Three previously reserved bytes in the 64-byte header are repurposed as independent uint8_t fields:

typedef struct mzap_phys {
    uint64_t mz_block_type;   /* ZBT_MICRO */
    uint64_t mz_salt;
    uint64_t mz_normflags;
    uint8_t  mz_flags;        /* MZAP_FLAG_TINY Flag to distinguish from microzap */
    uint8_t  mz_chunk_shift;  /* log2(chunk): 6=64B, 7=128B, 8=256B */
    uint8_t  mz_value_ints;   /* num_integers; stride = mz_value_ints * 8 */
    uint8_t  mz_pad1;         /* zero */
    uint32_t mz_pad2;         /* zero */
    uint64_t mz_pad3[4];      /* zero */
    mzap_ent_phys_t mz_chunk[]; /* variable-size chunk array */
} mzap_phys_t;

When mz_flags == 0, the block is a plain MicroZAP. When MZAP_FLAG_TINY (bit 0) is set, the TinyZAP layout applies. Each chunk slot is a tzap_ent_phys_t:

[0 .. stride-1]       value blob  (mz_value_ints × uint64_t)
[stride .. stride+3]  cd          (uint32_t)
[stride+4 .. chunk-1] name        (NUL-terminated string)

Supported chunk sizes and resulting geometry (examples only).

Supported chunk sizes and resulting geometry (examples only).
name_len = chunk - stride - 4  (stride = mz_value_ints * 8)

chunk | stride | name_len | integers | use-case
------+--------+----------+----------+--------------------------------------
  64  |    8   |    52    |    1     | 1×uint64, name up to 51 chars
  64  |   16   |    44    |    2     | 2×uint64 (Lustre FID)
  64  |   24   |    36    |    3     | 3×uint64
  64  |   32   |    28    |    4     | 4×uint64
  64  |   56   |     4    |    7     | max stride for chunk=64
 128  |    8   |   116    |    1     | 1×uint64 + long name
 128  |   16   |   108    |    2     | 2×uint64 + long name
 128  |   48   |    76    |    6     | 6×uint64 (3×Lustre FID)
 128  |  120   |     4    |   15     | max stride for chunk=128
 256  |    8   |   244    |    1     | 1×uint64 + very long name
 256  |   16   |   236    |    2     | 2×uint64 + very long name
 256  |  128   |   124    |   16     | 16×uint64 (wide value, medium name)
 256  |  248   |     4    |   31     | max stride for chunk=256
 ...

Note: stride=8 with chunk=64 is skipped by tzap_try_promote() because it provides only 2 bytes more than MicroZAP. Chunk=128 is the minimum for stride=8. chunk=64 is only used when stride >= 16 (num_integers > 1).
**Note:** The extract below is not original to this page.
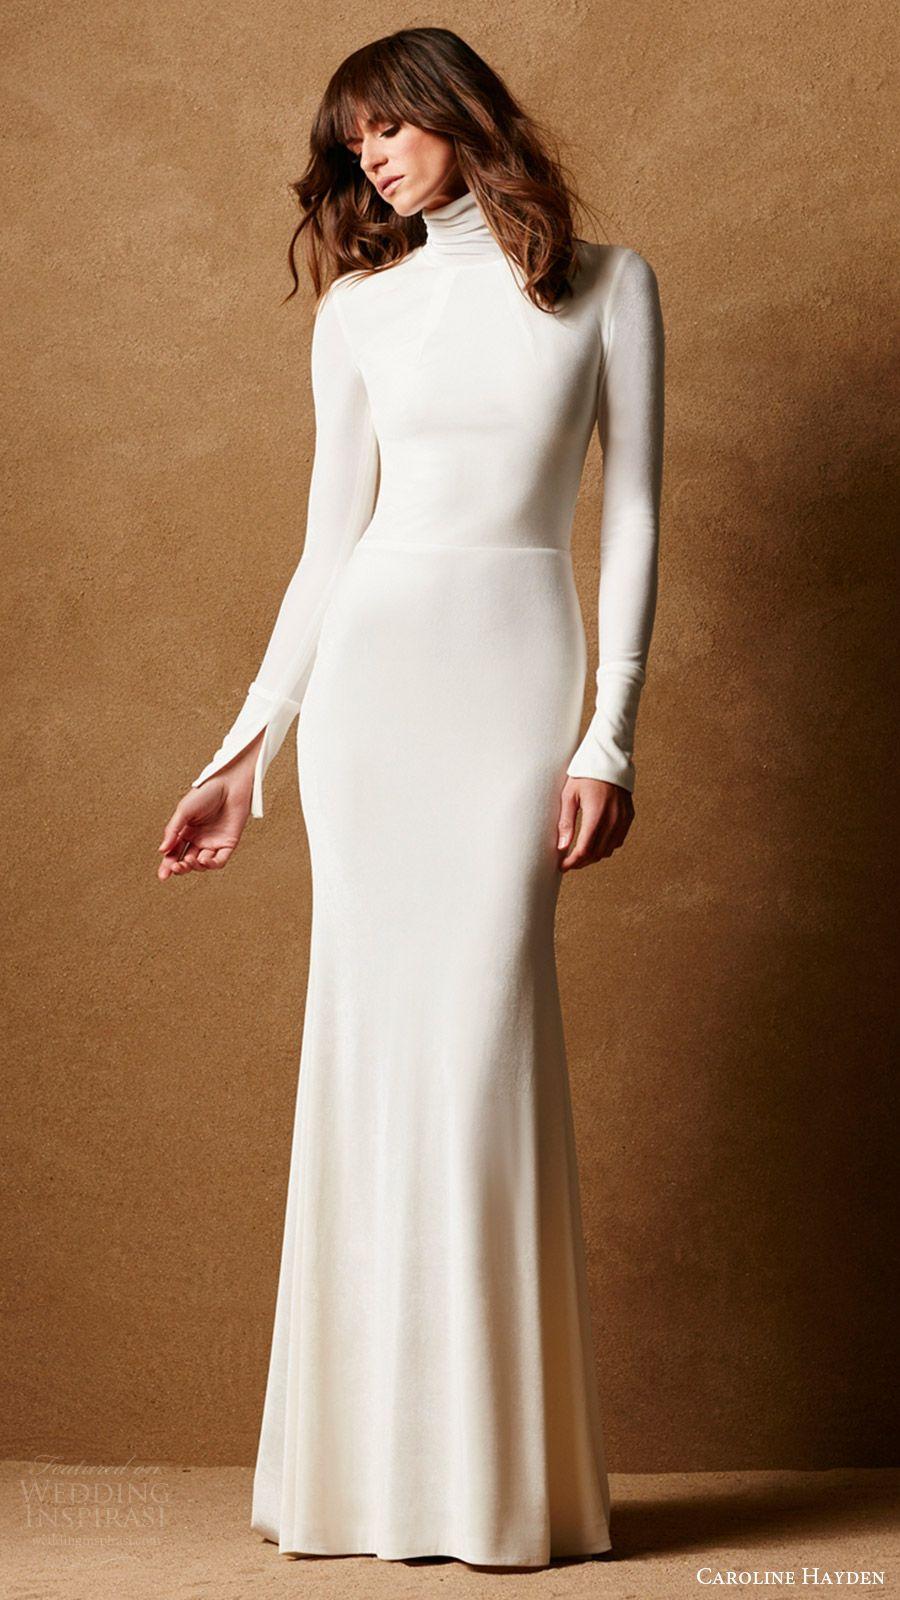 Caroline Hayden Fall 2016 Collection Wedding Dresses Bridal Separates Wedding Inspirasi Wedding Dress Long Sleeve Velvet Wedding Dress Wedding Dresses [ 1600 x 900 Pixel ]

Other details on ZAP upgrade conditions:

MicroZAP -> TinyZAP Conditions:
Promotion is attempted automatically on the first zap_add() when the entry fails the plain MicroZAP constraints. All of the following must hold:

integer_size == 8 (only uint64_t values supported)
stride = num_integers × 8 >= 8
At least one chunk size (64/128/256) can accommodate: stride + 4 + TZAP_MIN_NAME_LEN <= chunk && strlen(key) < TZAP_NAME_LEN(chunk, stride)
The pool featurecom.hpe:tinyzapis enabled

The stride is stamped once on the first qualifying add and cannot change. The smallest fitting chunk is selected automatically.
For stride=8, promotion is also allowed on a populated MicroZAP: existing entries are re-encoded in-place via tzap_reencode_micro_to_tiny(), which re-packs the fixed 64-byte MicroZAP slots into the wider TinyZAP chunk format using a buffer.

TinyZAP Chunk Upgrade (in-place, stays TinyZAP)
When a new key is too long for TZAP_NAME_LEN(chunk, stride) but fits a larger chunk size, tzap_try_chunk_upgrade() re-packs all entries into the new chunk size without upgrading to FatZAP. The chunk can grow from 64->128 or 128->256. The block is grown if needed (up to zap_micro_max_size).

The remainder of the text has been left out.